WORK ITEM. Reproduce the entire listing exactly as written, apart from its pictures.

INPUT RECORDS.
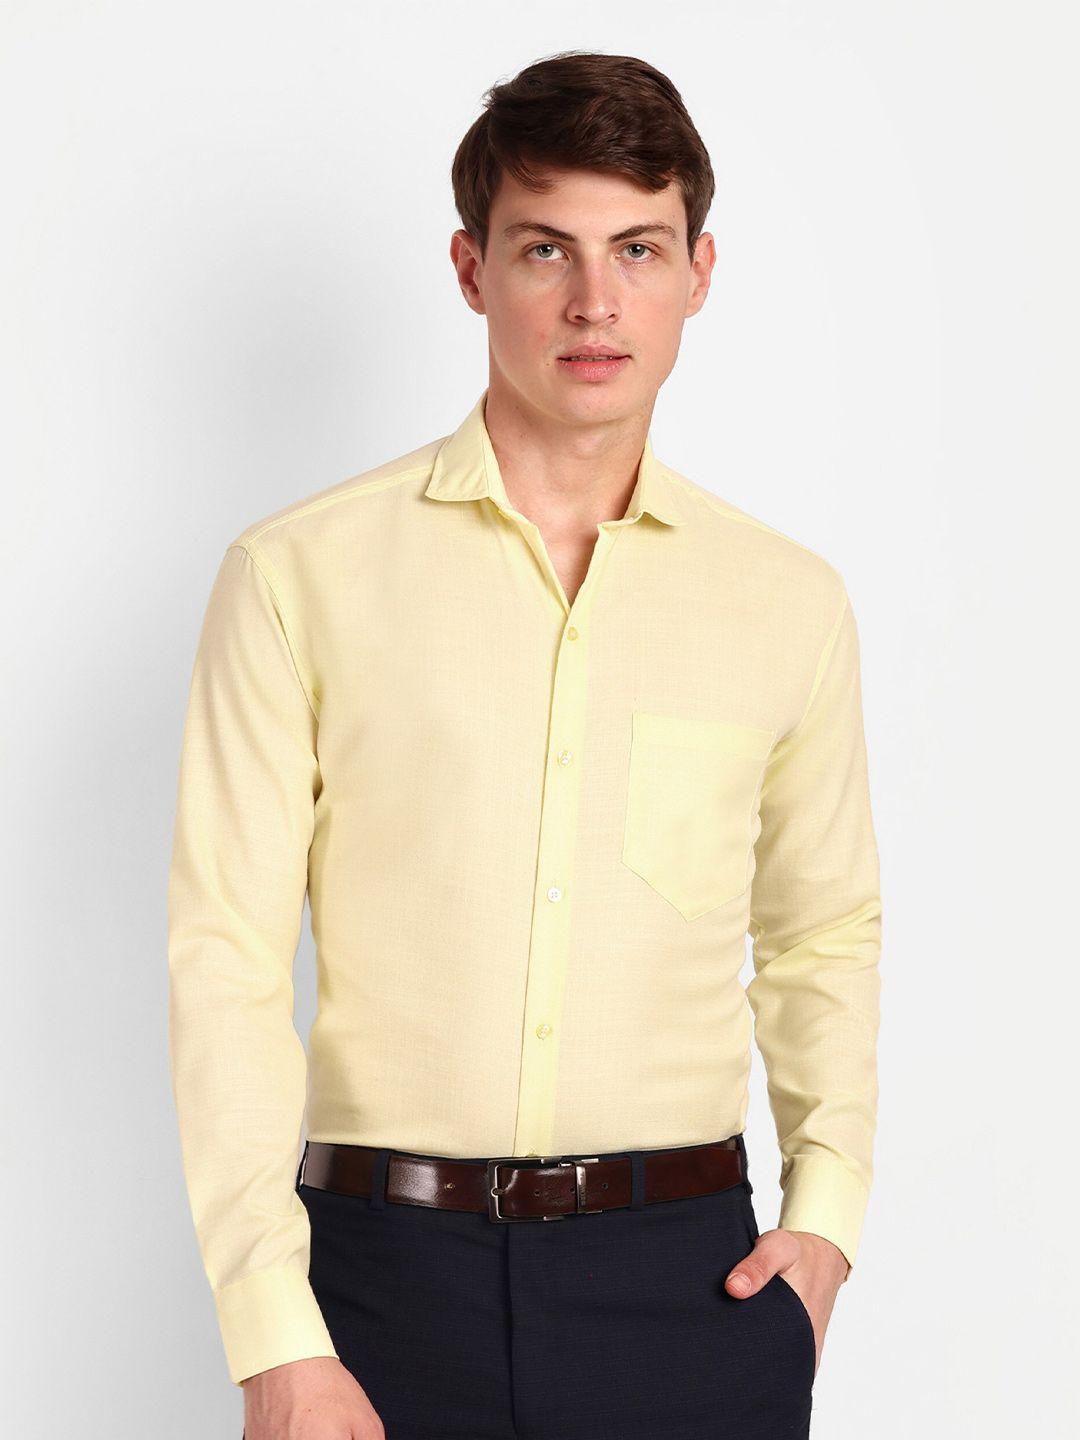 colorwings men yellow comfort semi sheer formal shirt
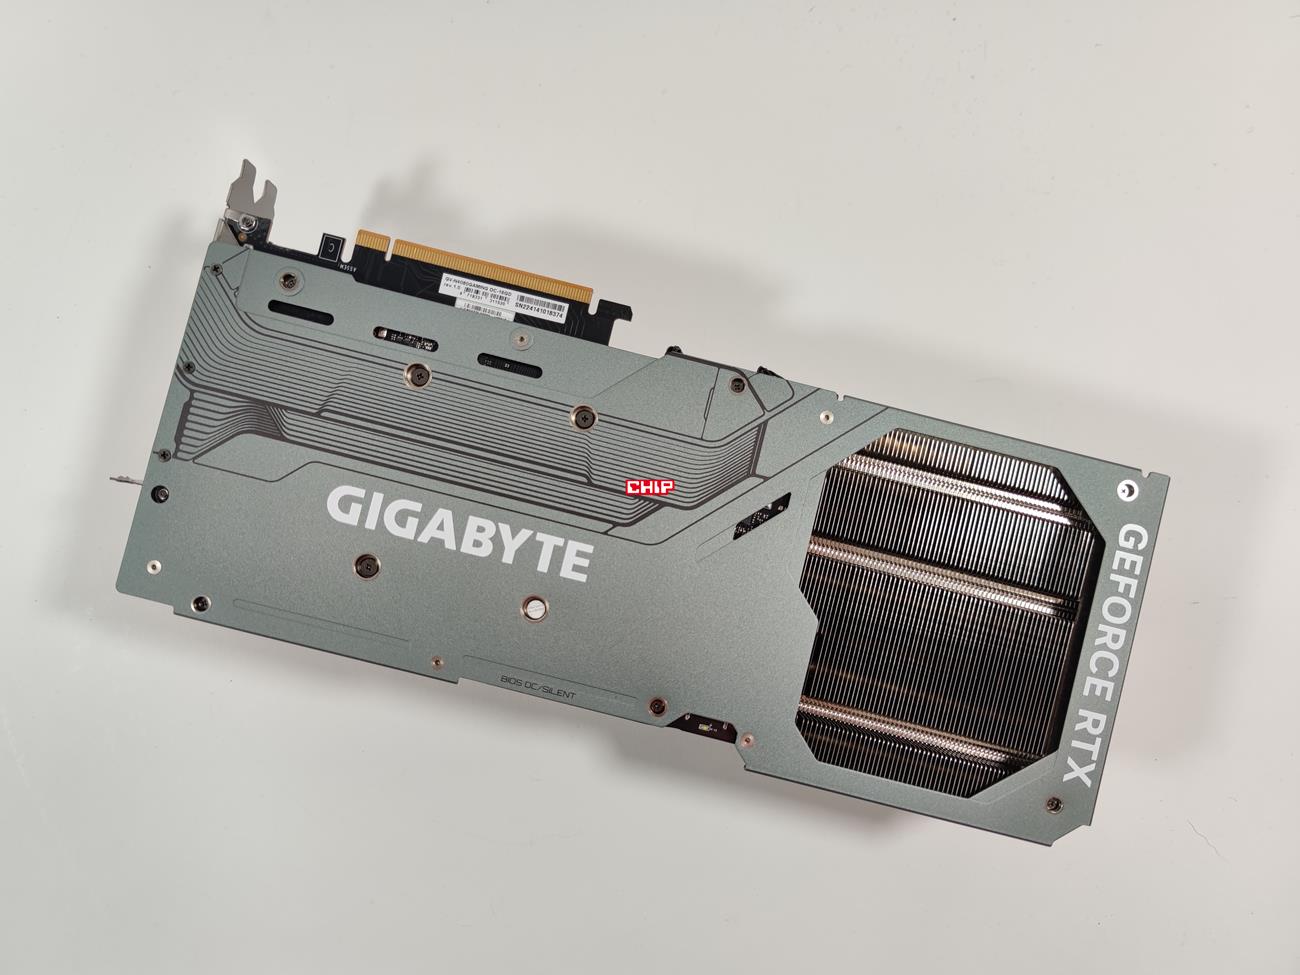 test Gigabyte GeForce RTX 4080 Gaming OC, recenzja Gigabyte GeForce RTX 4080 Gaming OC, opinia Gigabyte GeForce RTX 4080 Gaming OC
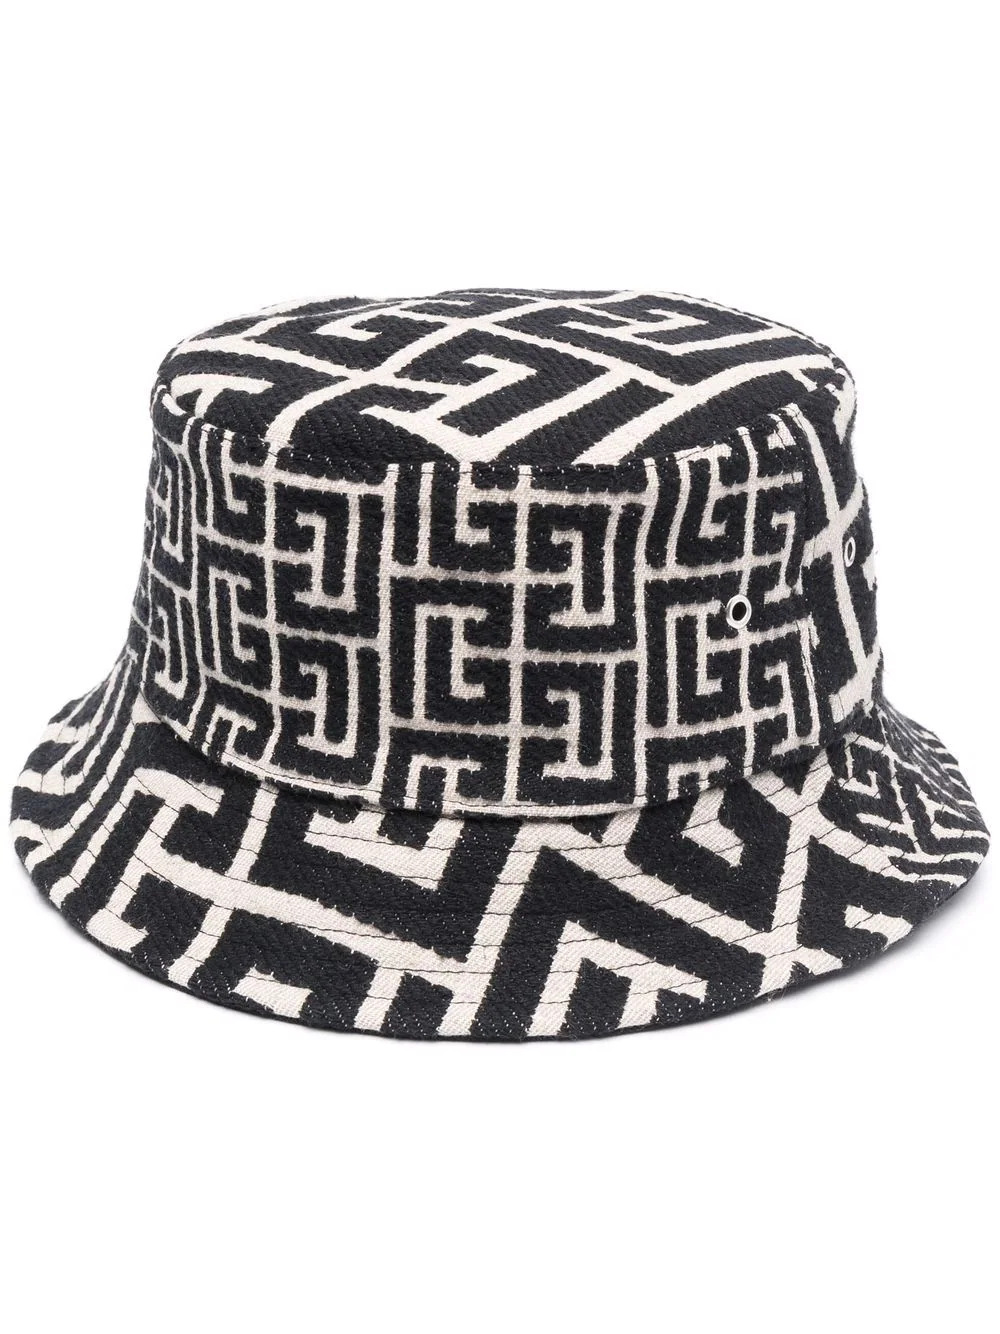 Jacquard Monogramm Bucket Hat in Schwarz-Weiß
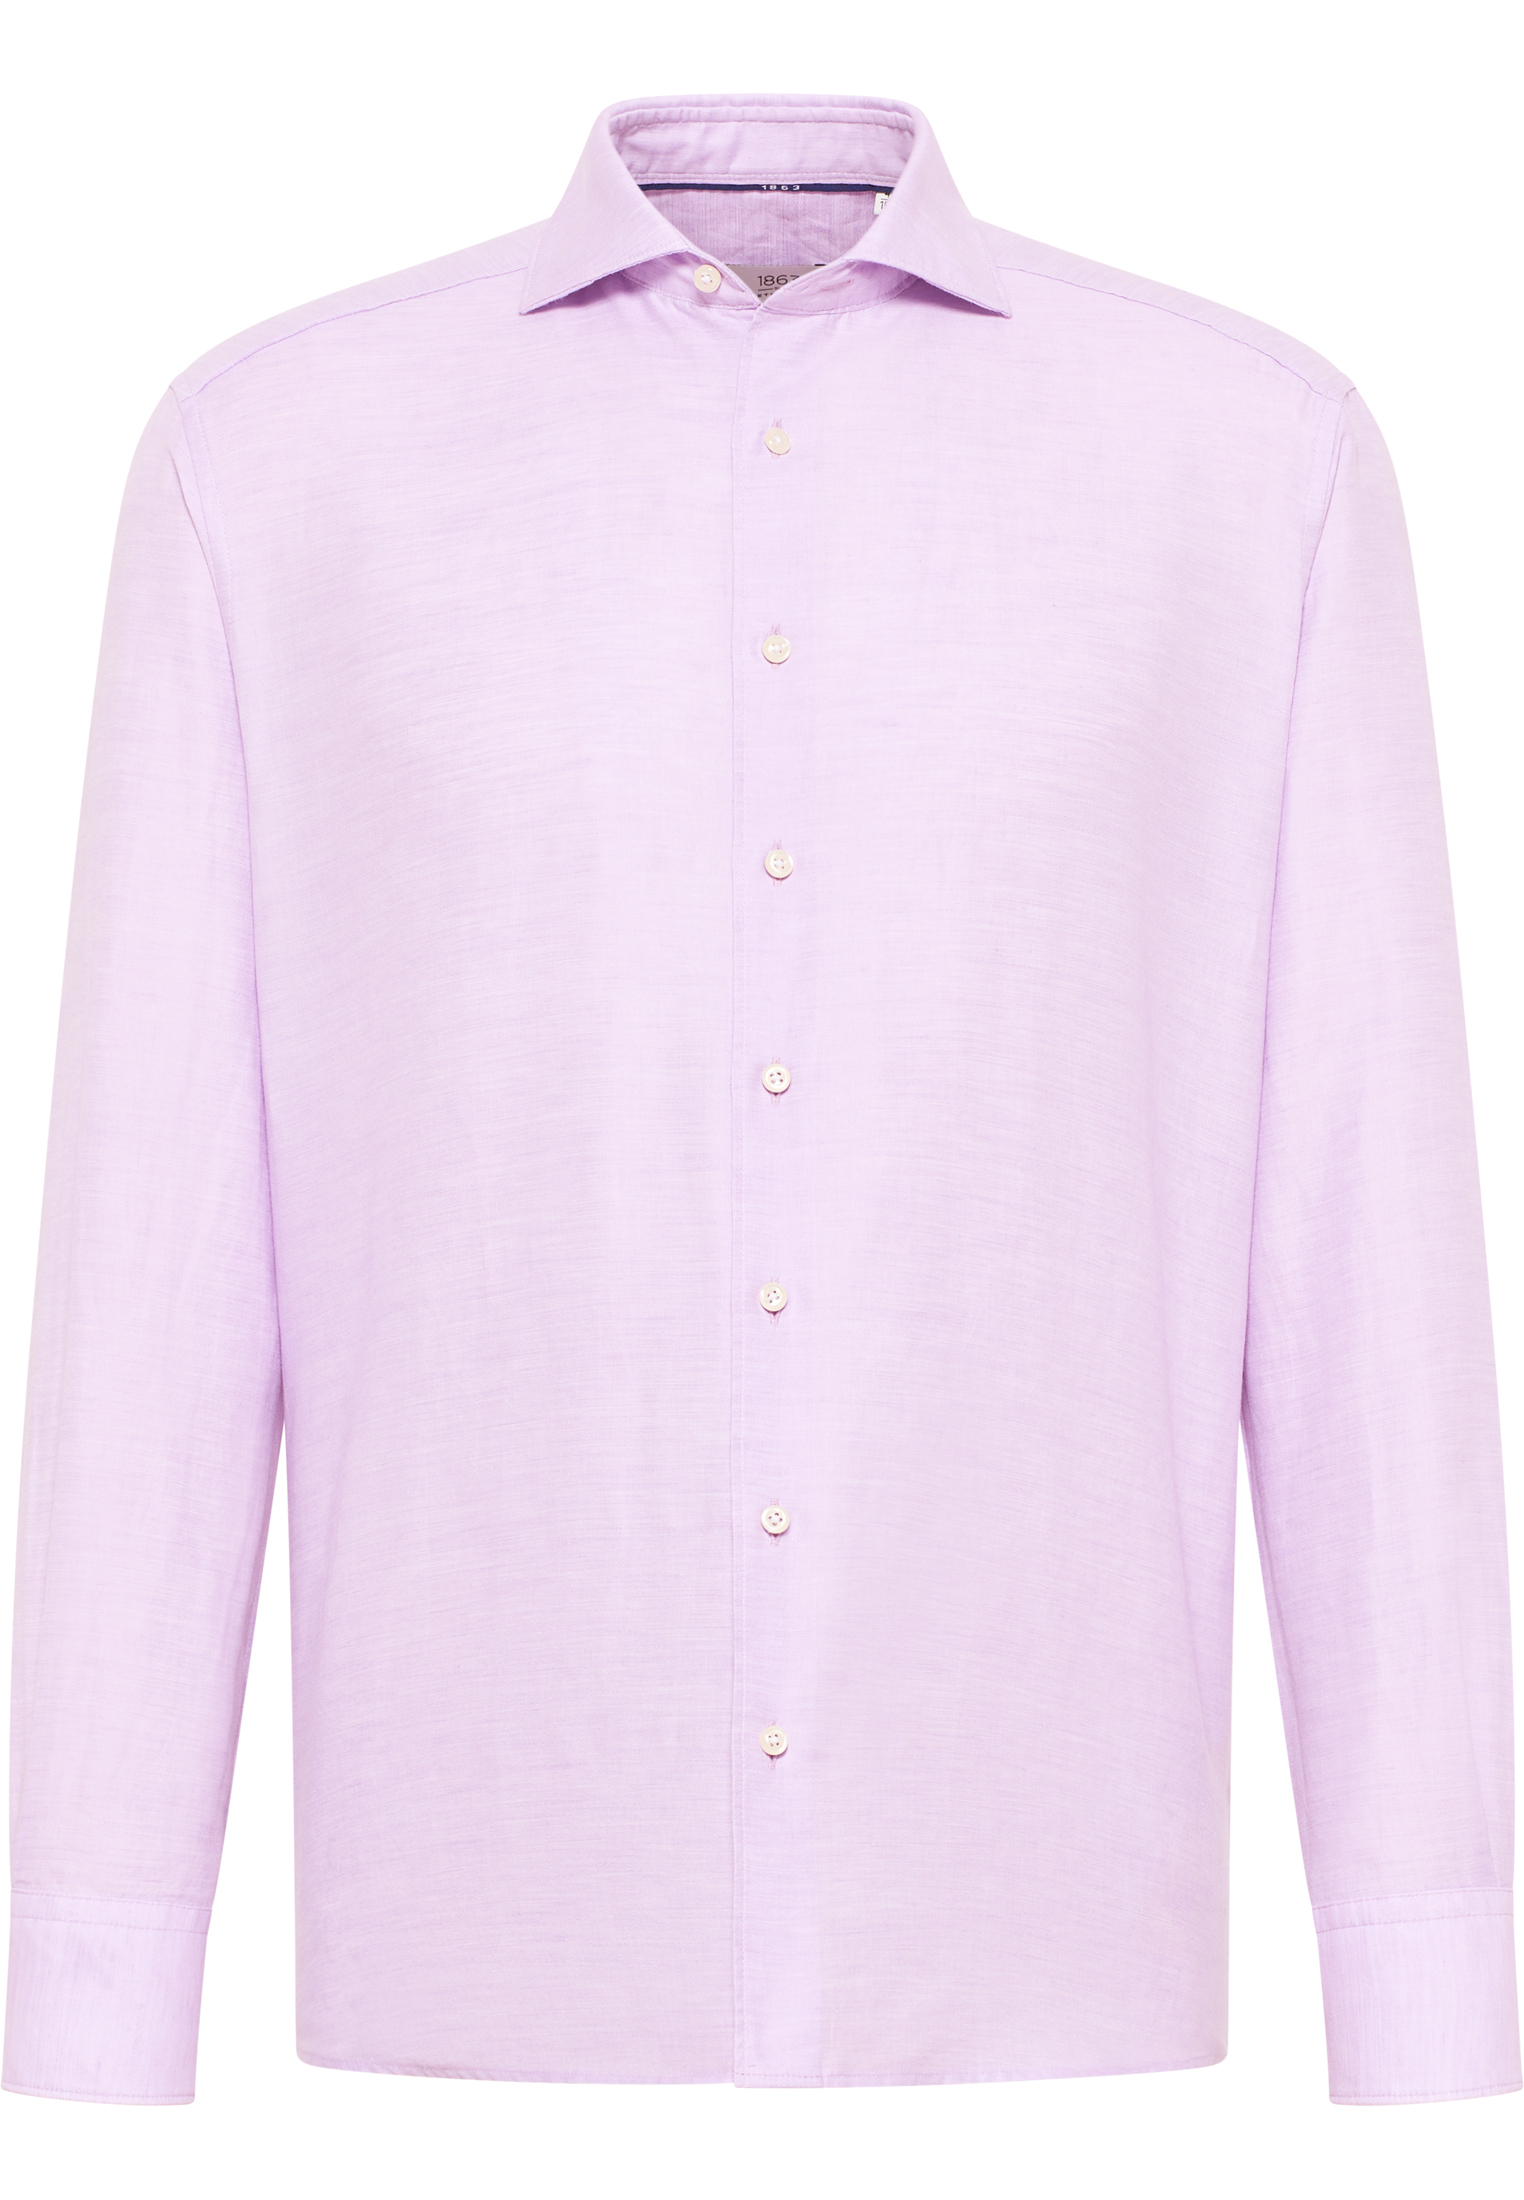 COMFORT FIT Linen Shirt in lavender plain
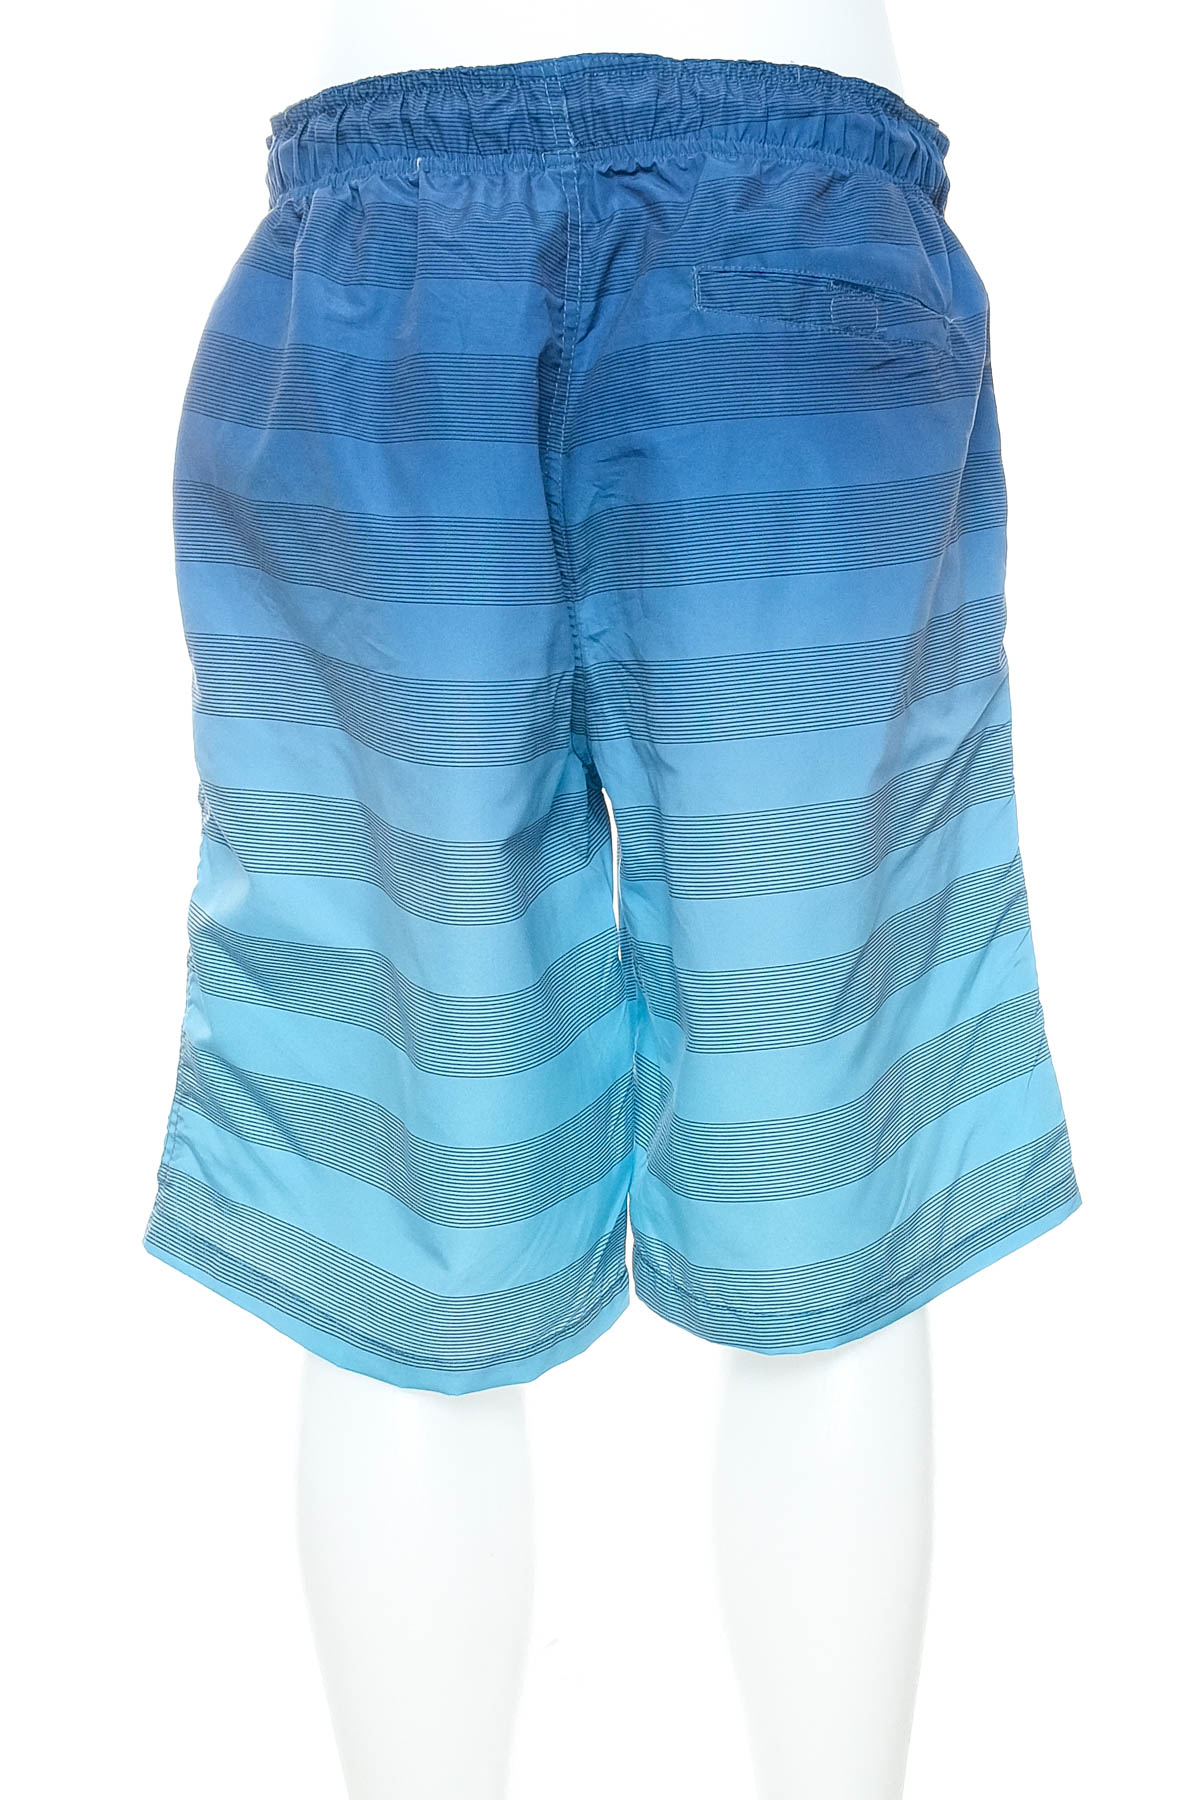 Men's shorts - Colourful Beach - 1

ANSWER FOR THIS EXERCISE.
 colorwings men yellow comfort semi sheer formal shirt
 test Gigabyte GeForce RTX 4080 Gaming OC, recenzja Gigabyte GeForce RTX 4080 Gaming OC, opinia Gigabyte GeForce RTX 4080 Gaming OC
 Jacquard Monogramm Bucket Hat in Schwarz-Weiß
 COMFORT FIT Linen Shirt in lavender plain
 Men's shorts - Colourful Beach - 1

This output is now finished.